WORK TO COMPLETE —
What you produce should be an exact transcription of the data, minus any pictures.
· · · · ·
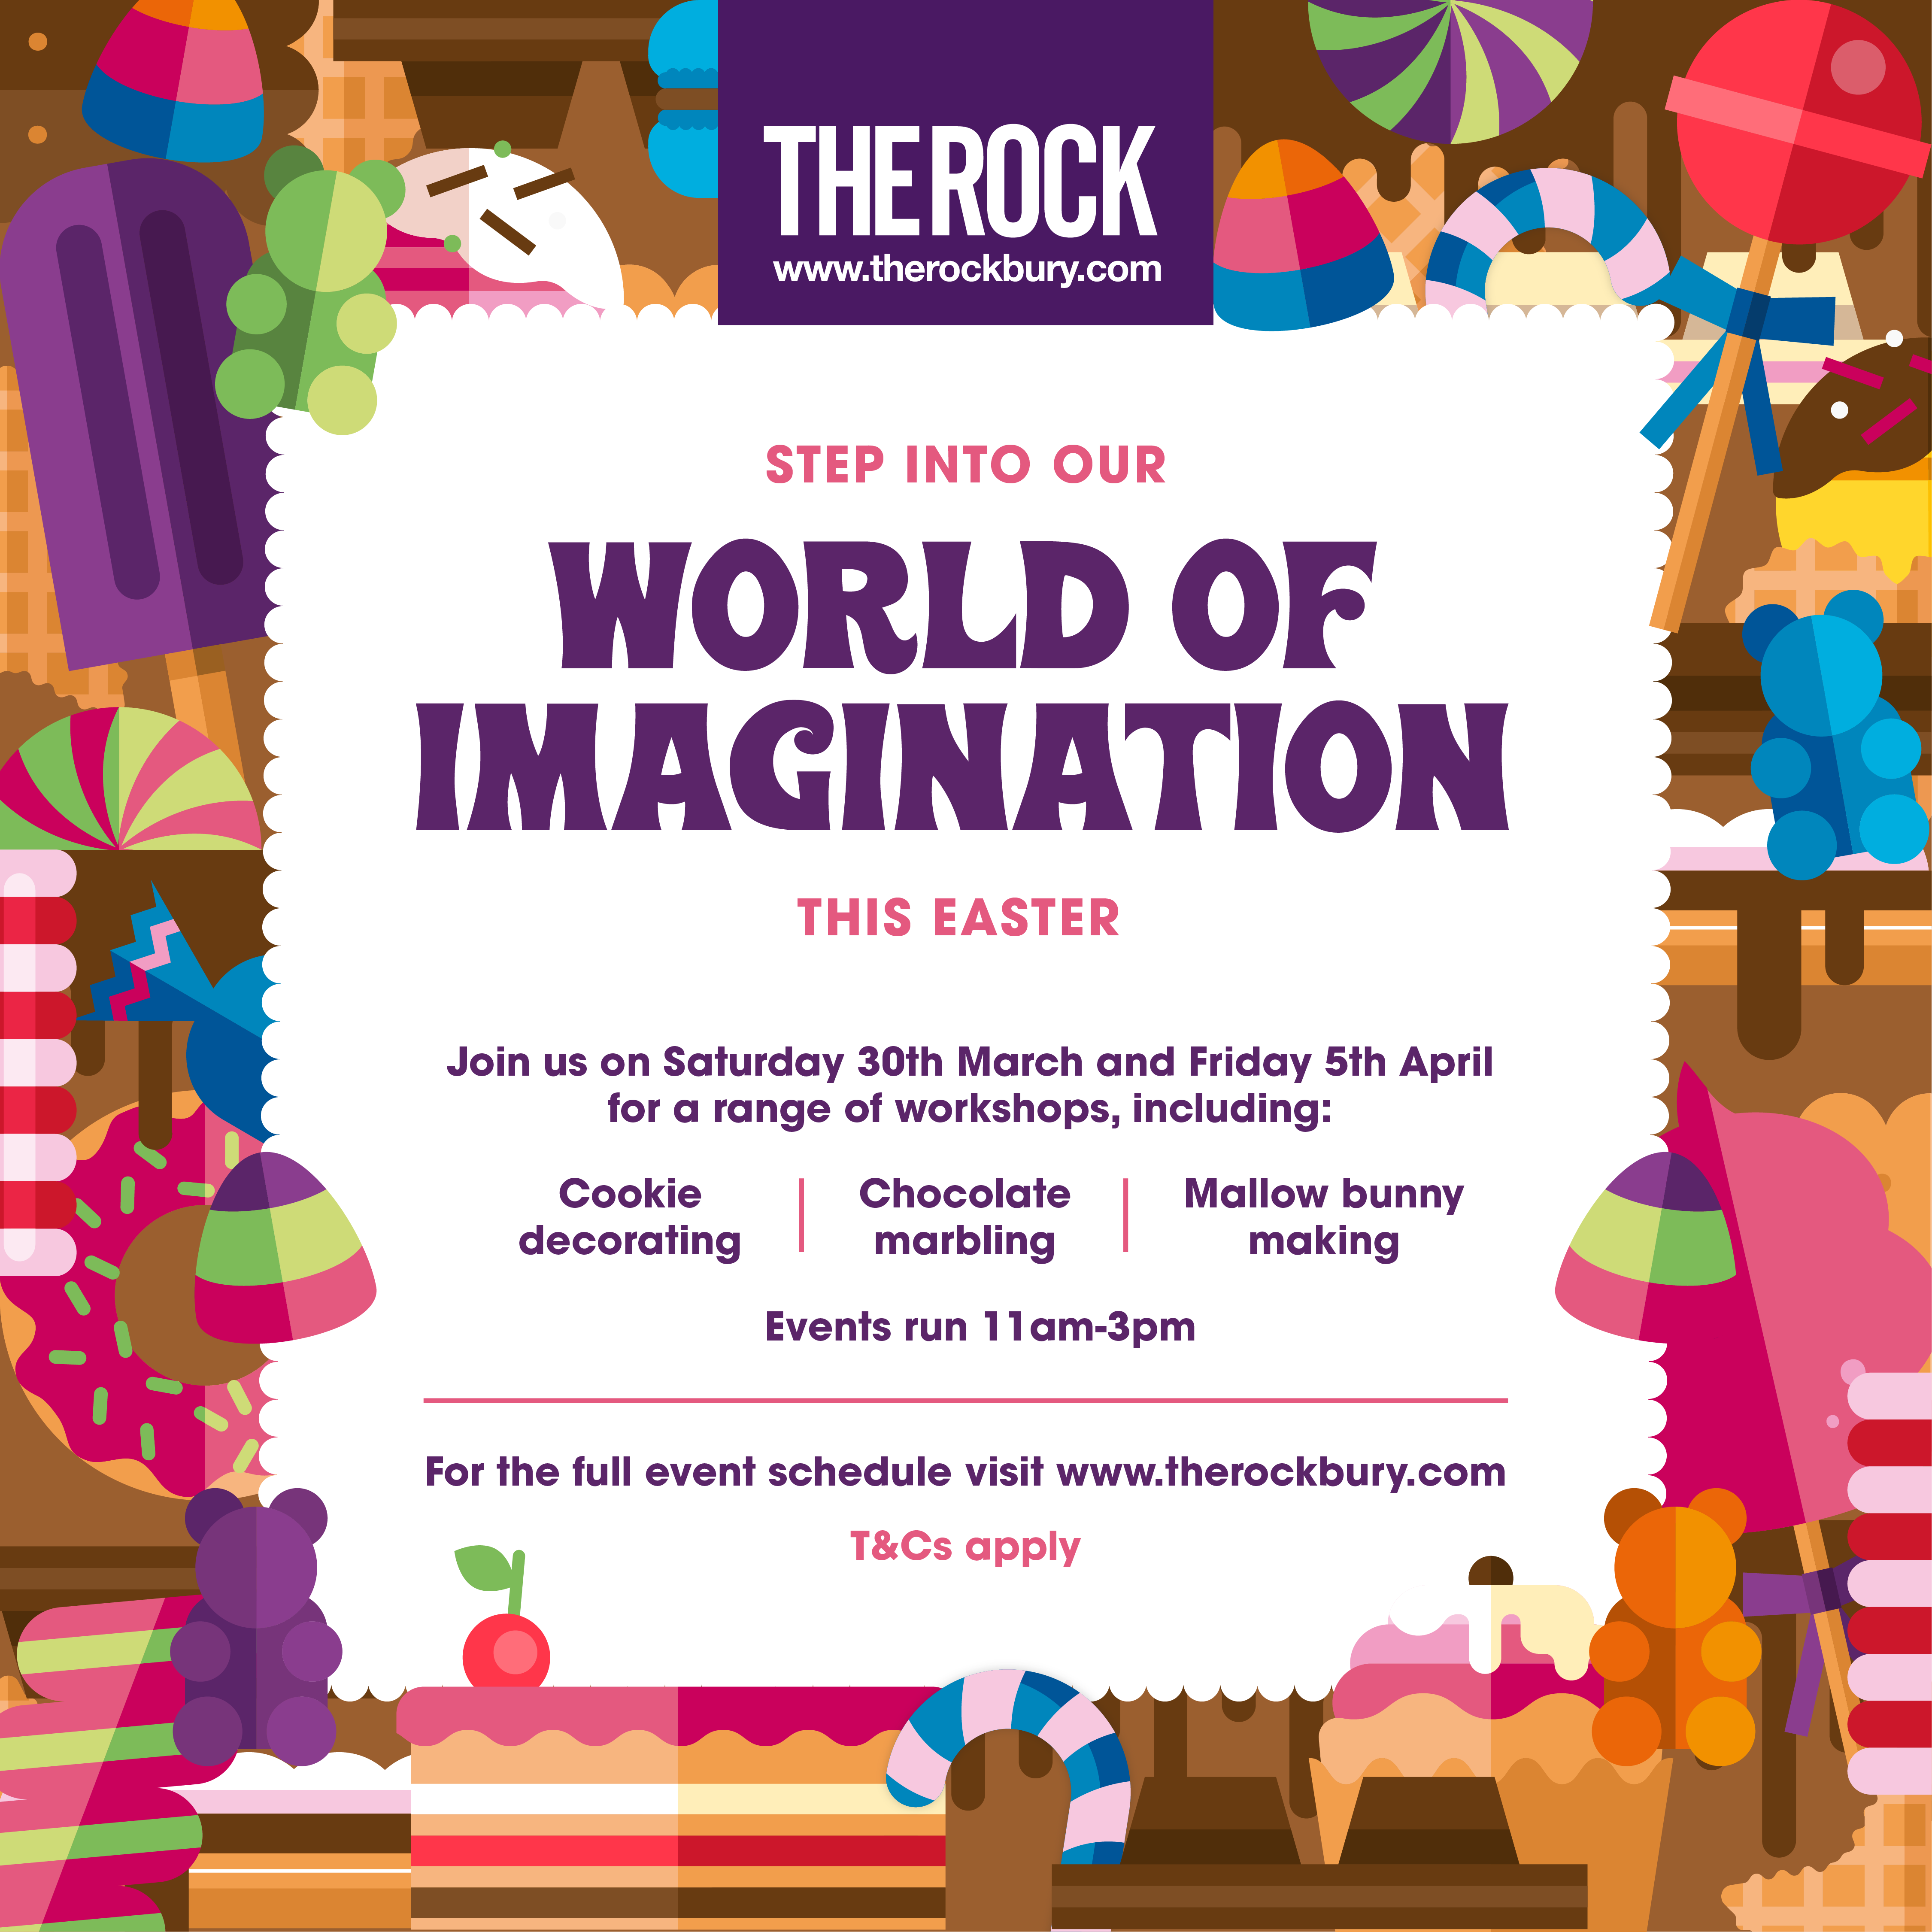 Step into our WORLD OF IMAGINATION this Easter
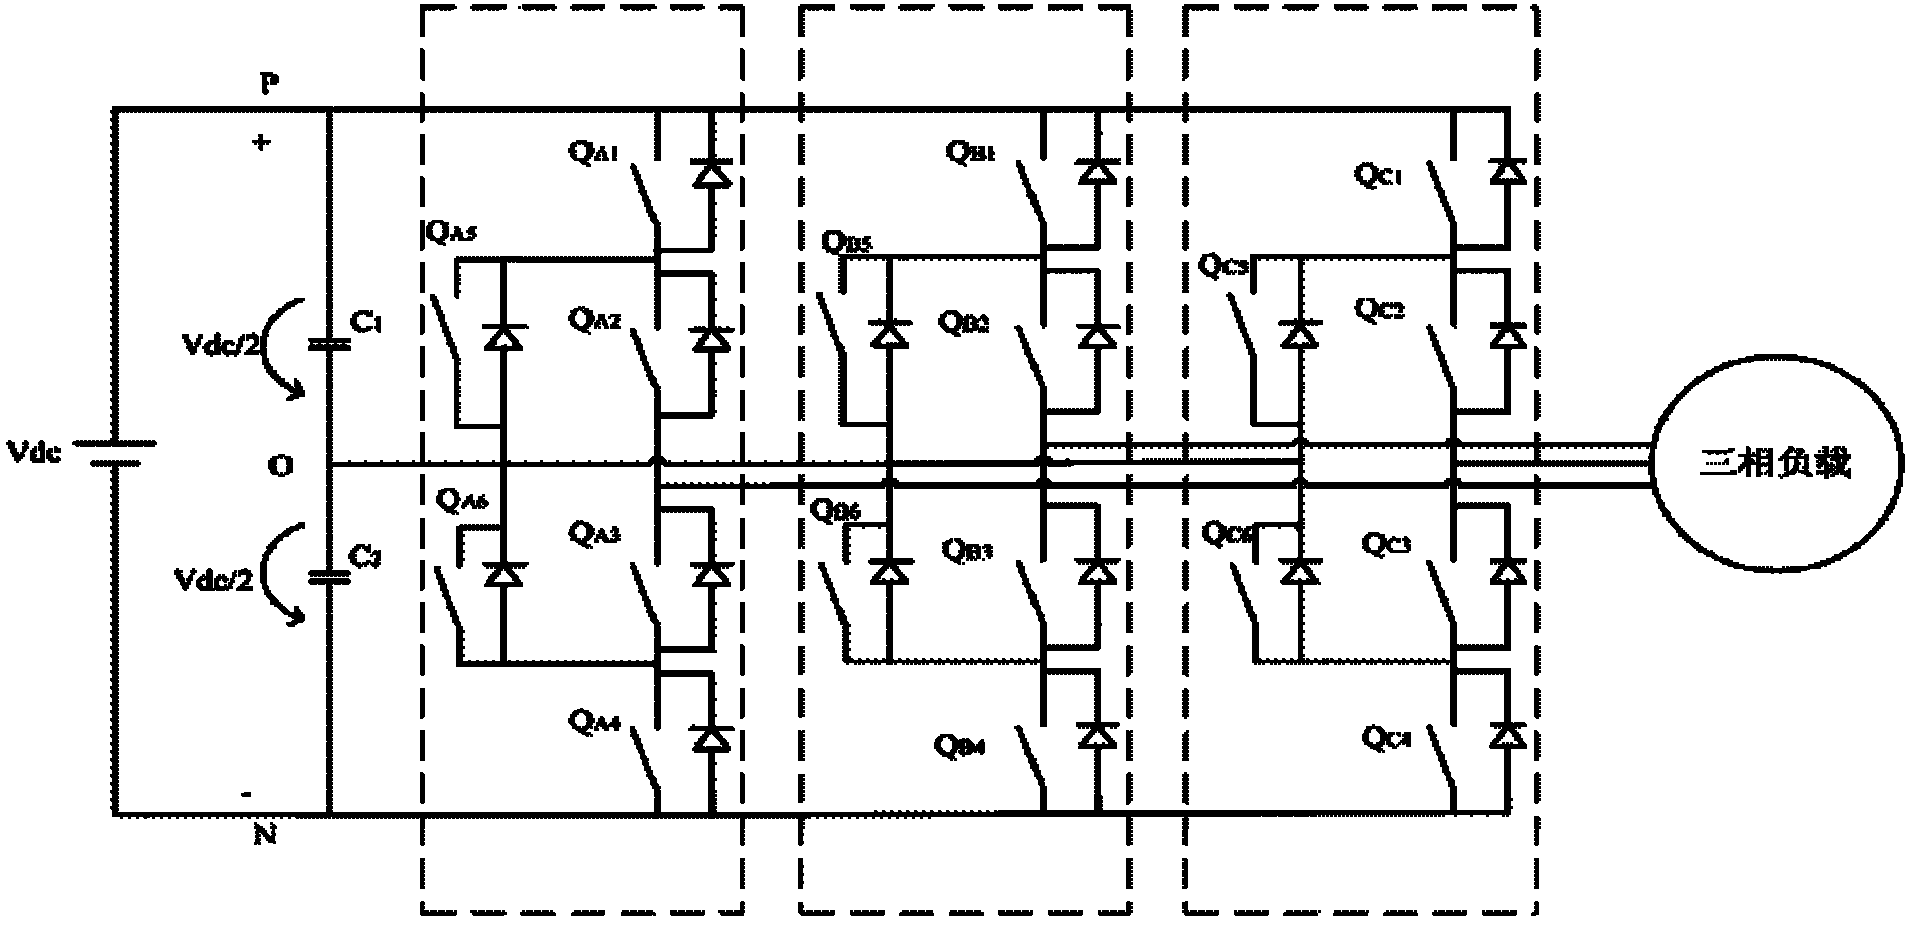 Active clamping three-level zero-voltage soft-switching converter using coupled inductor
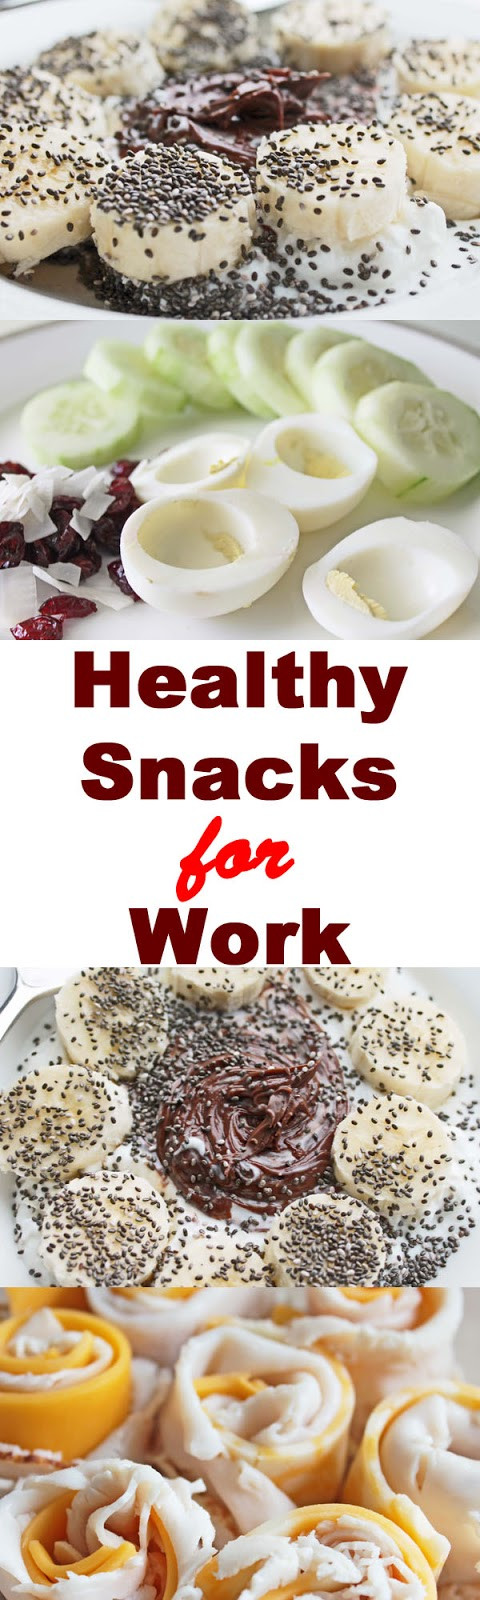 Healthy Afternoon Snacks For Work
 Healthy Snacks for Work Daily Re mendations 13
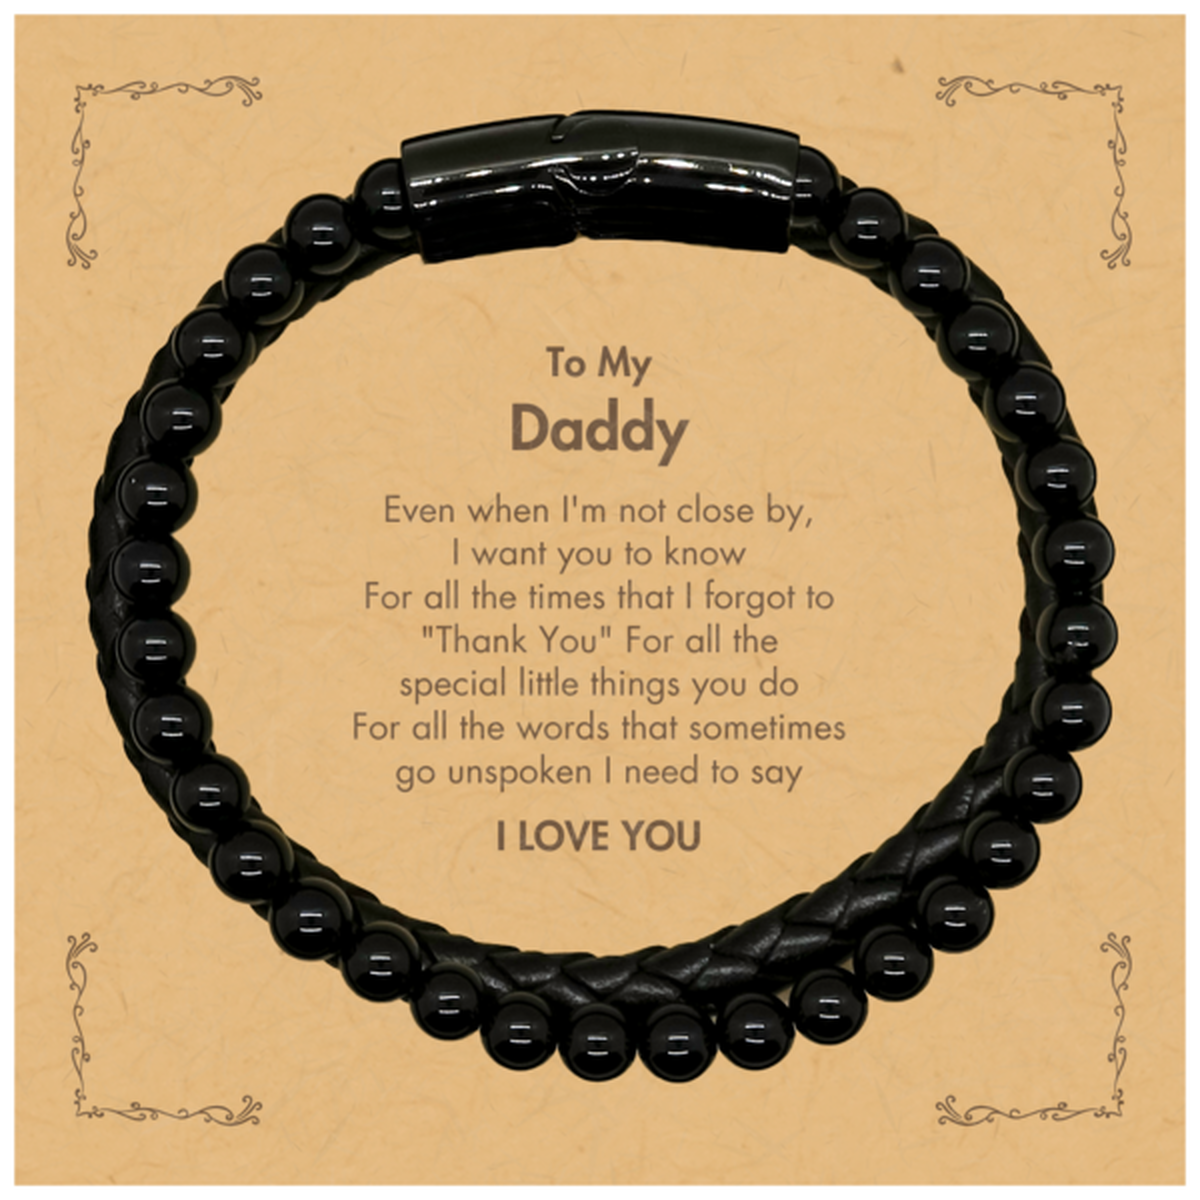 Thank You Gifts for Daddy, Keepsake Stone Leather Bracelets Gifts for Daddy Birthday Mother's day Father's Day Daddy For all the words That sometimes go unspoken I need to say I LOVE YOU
· · · · ·
ANSWER BOX —
 Step into our WORLD OF IMAGINATION this Easter
 Active clamping three-level zero-voltage soft-switching converter using coupled inductor
 Healthy Afternoon Snacks For Work
 Healthy Snacks for Work Daily Re mendations 13
 Thank You Gifts for Daddy, Keepsake Stone Leather Bracelets Gifts for Daddy Birthday Mother's day Father's Day Daddy For all the words That sometimes go unspoken I need to say I LOVE YOU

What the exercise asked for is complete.